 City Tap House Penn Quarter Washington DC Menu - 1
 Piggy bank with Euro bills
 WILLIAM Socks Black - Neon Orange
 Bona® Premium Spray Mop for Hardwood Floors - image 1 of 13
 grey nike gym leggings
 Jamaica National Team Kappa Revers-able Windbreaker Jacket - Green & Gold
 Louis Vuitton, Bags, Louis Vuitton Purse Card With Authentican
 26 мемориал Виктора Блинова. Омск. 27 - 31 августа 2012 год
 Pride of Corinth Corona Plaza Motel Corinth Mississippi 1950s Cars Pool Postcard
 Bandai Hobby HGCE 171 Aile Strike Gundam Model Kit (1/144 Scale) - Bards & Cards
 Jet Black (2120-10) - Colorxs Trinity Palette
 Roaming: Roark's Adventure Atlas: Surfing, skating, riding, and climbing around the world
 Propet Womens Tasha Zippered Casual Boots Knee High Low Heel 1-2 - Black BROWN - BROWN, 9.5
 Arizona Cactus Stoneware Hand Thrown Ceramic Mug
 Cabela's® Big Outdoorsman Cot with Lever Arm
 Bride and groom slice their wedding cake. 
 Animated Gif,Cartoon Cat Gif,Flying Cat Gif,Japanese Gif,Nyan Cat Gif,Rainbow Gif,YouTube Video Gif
= = = = =
Write the entire listing out again, word for word.

 City Tap House Penn Quarter Washington DC Menu - 1
 Piggy bank with Euro bills
 WILLIAM Socks Black - Neon Orange
 Bona® Premium Spray Mop for Hardwood Floors - image 1 of 13
 grey nike gym leggings
 Jamaica National Team Kappa Revers-able Windbreaker Jacket - Green & Gold
 Louis Vuitton, Bags, Louis Vuitton Purse Card With Authentican
 26 мемориал Виктора Блинова. Омск. 27 - 31 августа 2012 год
 Pride of Corinth Corona Plaza Motel Corinth Mississippi 1950s Cars Pool Postcard
 Bandai Hobby HGCE 171 Aile Strike Gundam Model Kit (1/144 Scale) - Bards & Cards
 Jet Black (2120-10) - Colorxs Trinity Palette
 Roaming: Roark's Adventure Atlas: Surfing, skating, riding, and climbing around the world
 Propet Womens Tasha Zippered Casual Boots Knee High Low Heel 1-2 - Black BROWN - BROWN, 9.5
 Arizona Cactus Stoneware Hand Thrown Ceramic Mug
 Cabela's® Big Outdoorsman Cot with Lever Arm
 Bride and groom slice their wedding cake. 
 Animated Gif,Cartoon Cat Gif,Flying Cat Gif,Japanese Gif,Nyan Cat Gif,Rainbow Gif,YouTube Video Gif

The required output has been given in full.